Pitt felt to see if there was anything else in the pocket, and found only a short length of string and a pair of bootlaces, apparently unused. In the man’s other pockets he found a key, a piece of rag for a handkerchief, three shillings and four pence in small change, and several pieces of paper, one of which was a receipt for three pairs of socks purchased only two days before from a shop in Red Lion Square. That, if diligently followed, might possibly tell them who he was. There was nothing else to indicate his name or where he lived.

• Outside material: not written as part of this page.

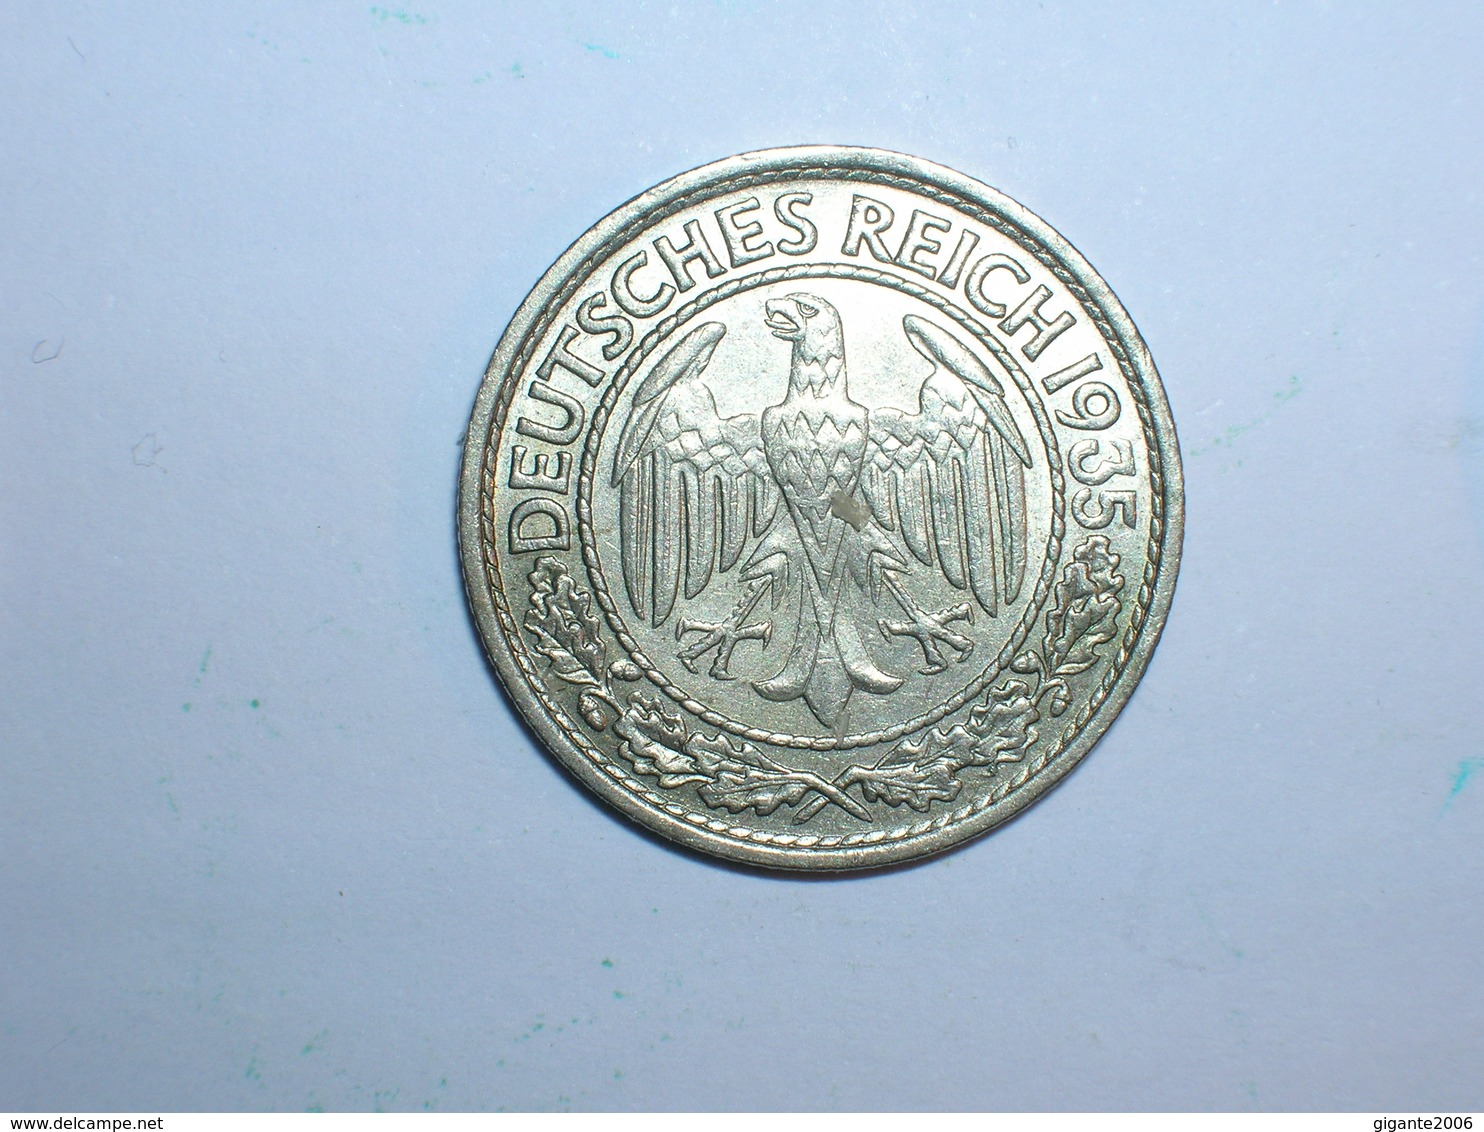 ALEMANIA 50 PFENNIG 1935 A (1261) - 50 Reichspfennig

Of course, there were thousands of people who had no homes and simply slept in doorways or under railway arches and bridges, or at this time of the year in the open, if tolerant police did not disturb them. But looking at this man, Pitt deduced that if such misfortune had happened to him, it must have been recent. His clothes were all hard worn; there were holes in his socks—these were not the new ones! The soles of his boots were paper-thin in places, but he was dry. He had not the inlaid grime or the musty, moldy smell of someone who lived outside.
Pitt stood up as he heard footsteps along the pavement and saw the familiar, awkward, angular figure of Sergeant Tellman approaching him from the Charlotte Street direction. He would not have mistaken Tellman even in the lamplight, but the dawn was now whitening the eastern sky.
Tellman reached him and stopped. He was hastily dressed, but it was noticeable only in his jacket, buttoned one hole crooked. His collar was as tight and straight as usual, his cravat as plain and neat, his hair wet, combed back from his lantern-jawed face. He looked dour also, as usual.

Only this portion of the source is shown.